PDGF-C Il plasmide Double Nickase (h) consiste in una coppia di plasmidi ingegnerizzati per l'editing ad alta specificità del locus PDGFC nelle linee cellulari human. Ciascun plasmide esprime una nickasi Cas9 D10A e un sgRNA distinto che prende di mira filamenti di DNA opposti all'interno di PDGFC. Quando indirizzate verso siti adiacenti su filamenti di DNA opposti, le due nickasi generano tagli a filamento singolo sfalsati che insieme producono una rottura a doppio filamento sfalsata, richiedendo un'attività coordinata sul bersaglio da entrambe le guide. La rottura del DNA risultante viene risolta da vie di riparazione cellulare endogene, più comunemente attraverso la giunzione non omologa delle estremità (NHEJ), portando a inserzioni o delezioni che interrompono la funzione di PDGFC. Richiedendo il coinvolgimento di due sgRNA nel locus bersaglio, l'approccio a doppia nickasi migliora la specificità dell'editing e fornisce una strategia CRISPR complementare per applicazioni in cui è desiderato un controllo aggiuntivo sulla precisione del targeting.

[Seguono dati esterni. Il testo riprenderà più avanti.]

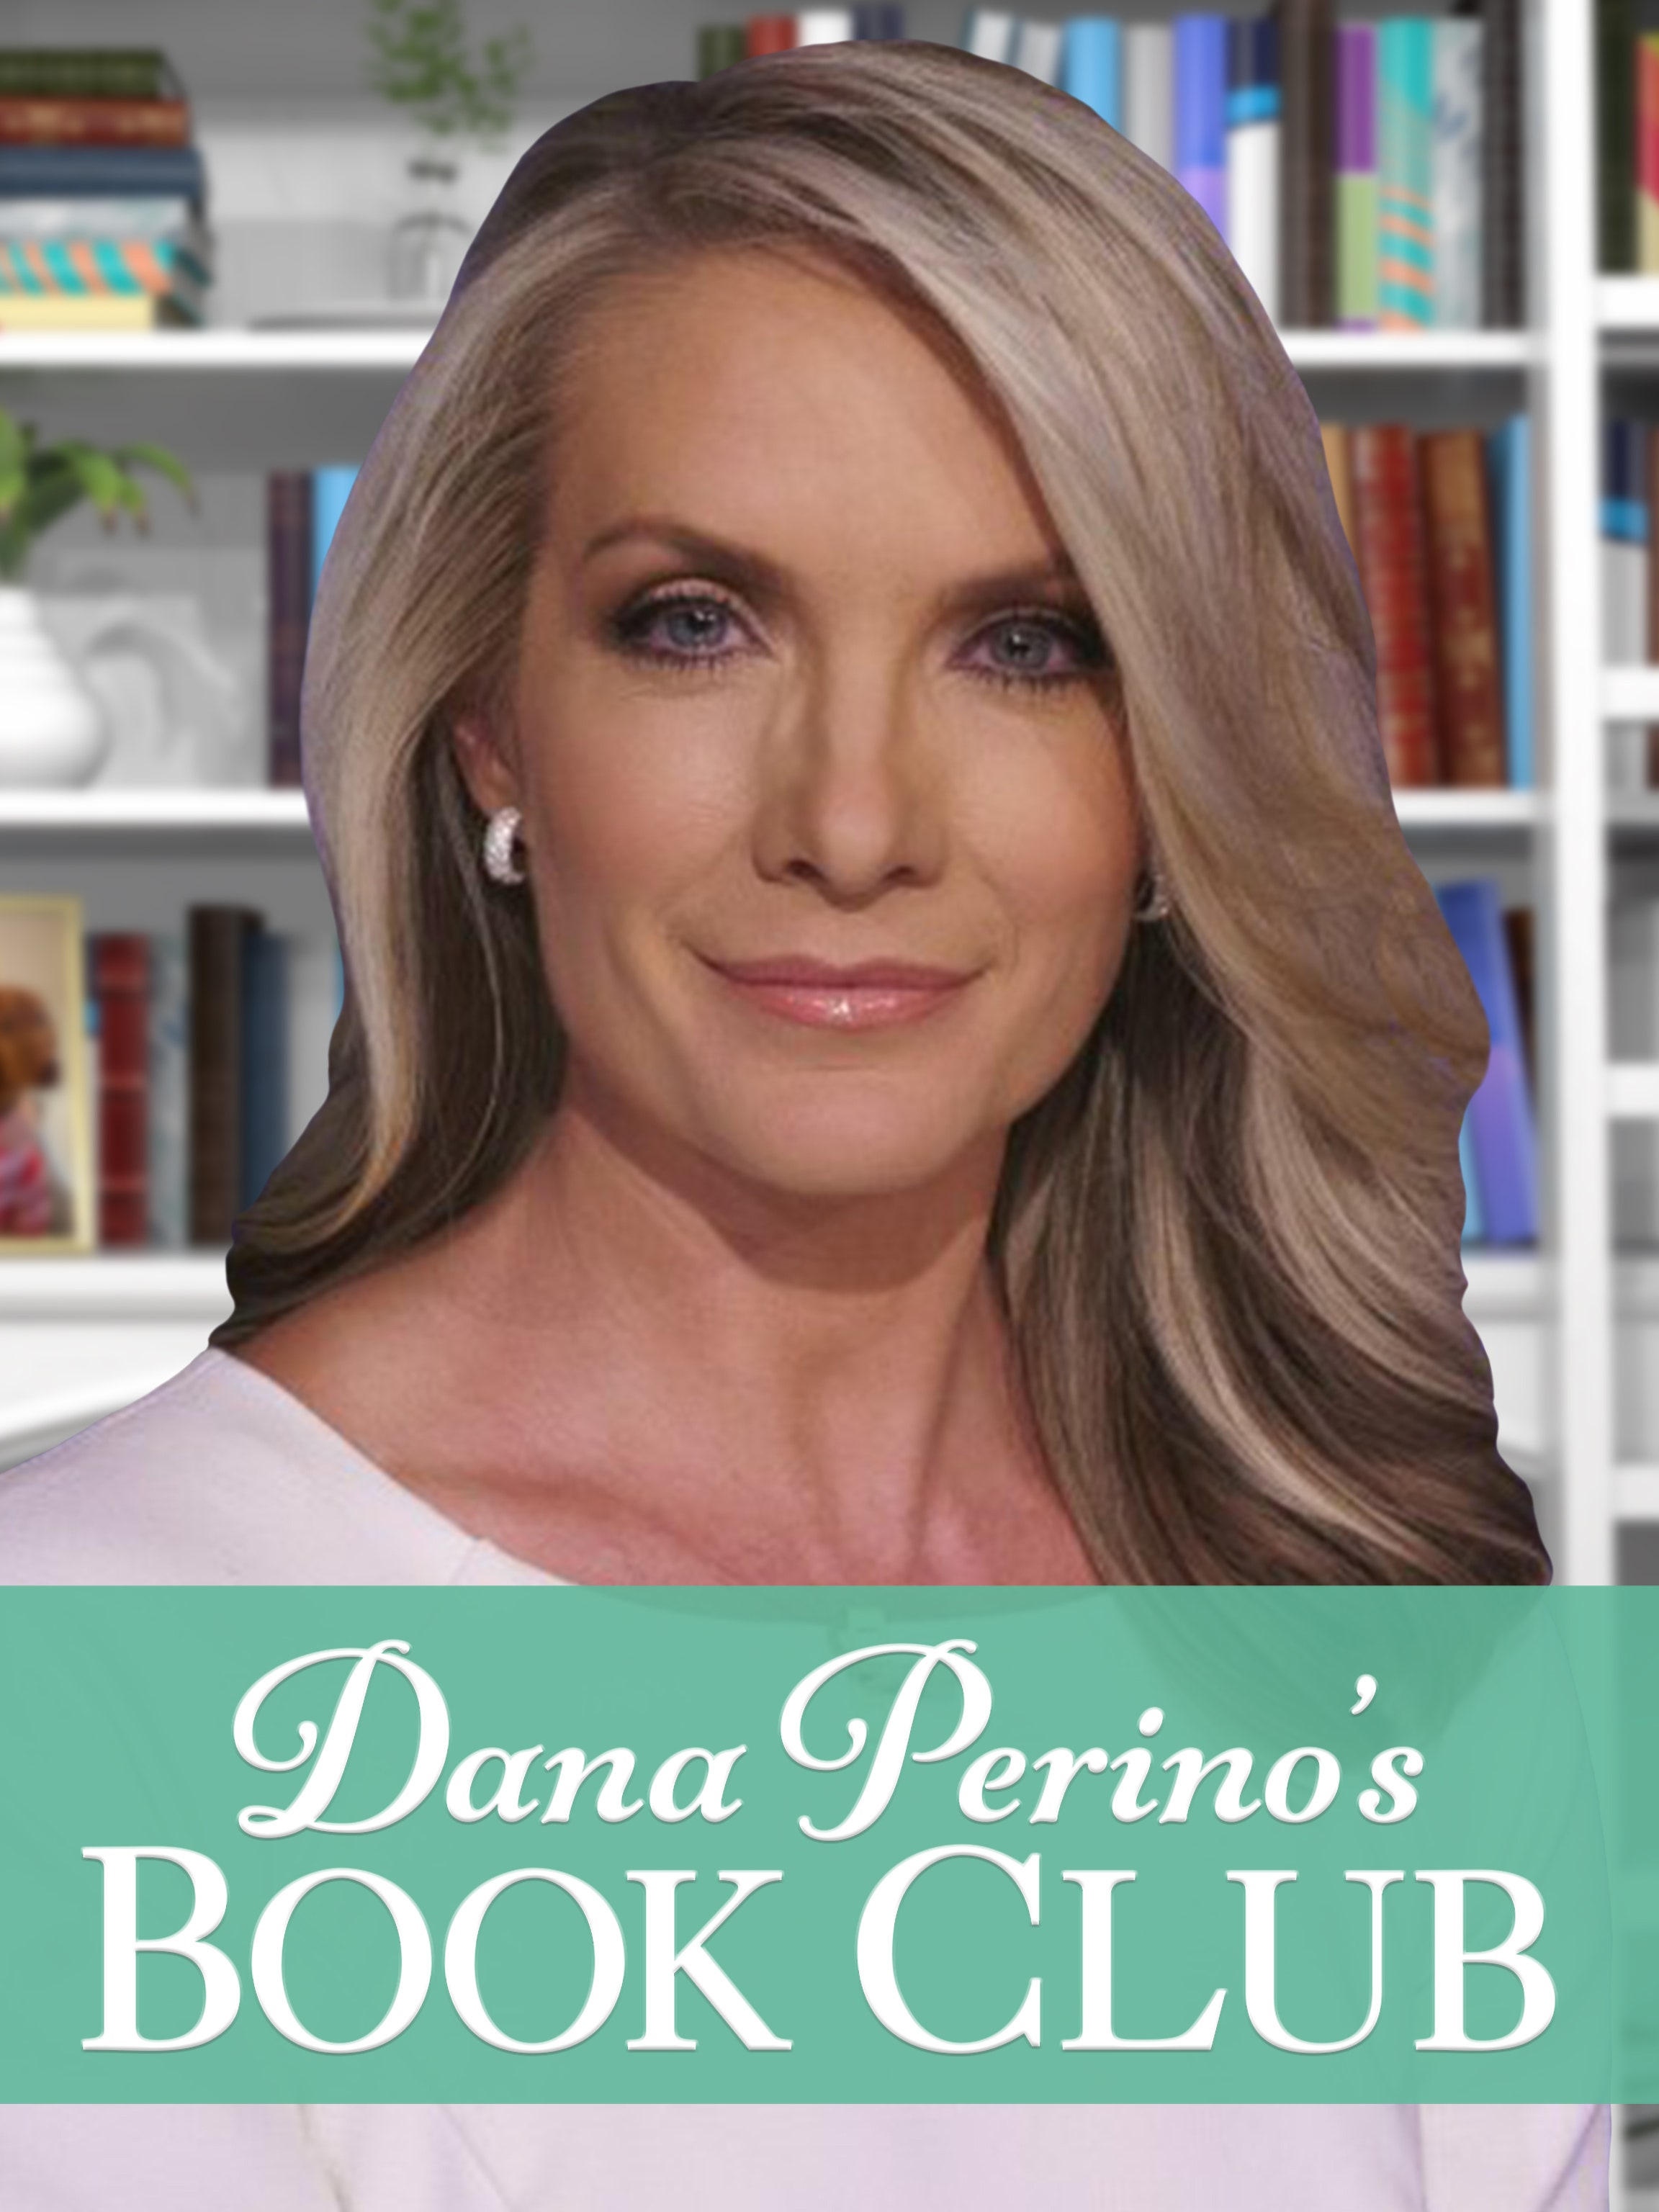 Dana Perino's Book Club dcg-mark-poster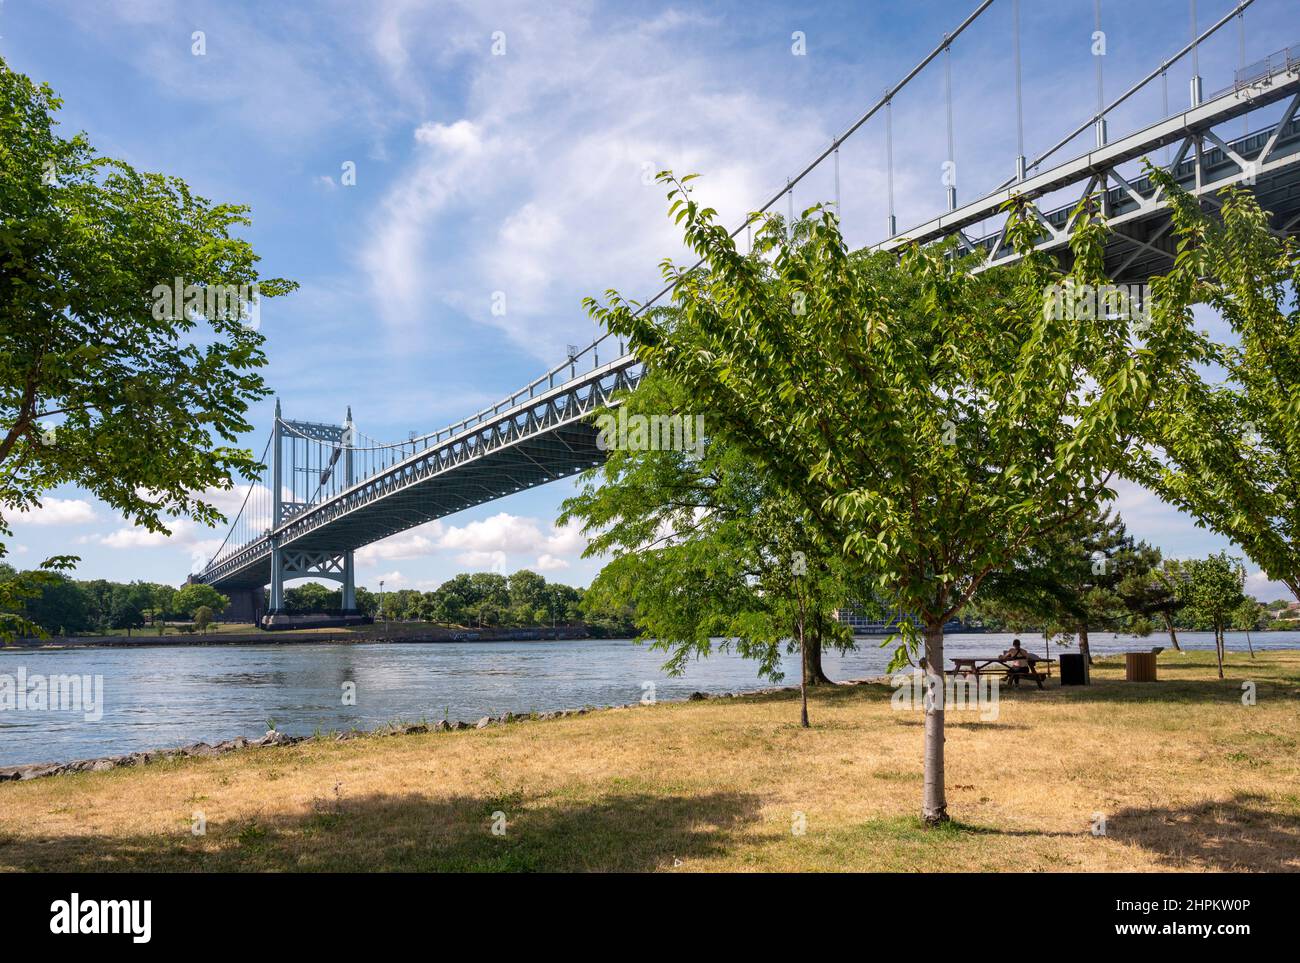 Die Robert F. Kennedy Bridge, früher und heute noch allgemein als Triborough Bridge bezeichnet, verbindet die Bezirke Manhattan, Queens und die Bronx Stockfoto

Per supportare l'identificazione efficiente delle cellule modificate, un plasmide codifica la GFP per la visualizzazione fluorescente delle popolazioni trasfettate, mentre il plasmide di accompagnamento porta un gene di resistenza alla puromicina per la selezione antibiotica. Insieme, queste caratteristiche supportano l'arricchimento efficiente delle popolazioni co-trasfettate e semplificano la convalida dei cloni con PDGFC interrotto.
Solo per uso di ricerca. Non destinato a uso diagnostico o terapeutico.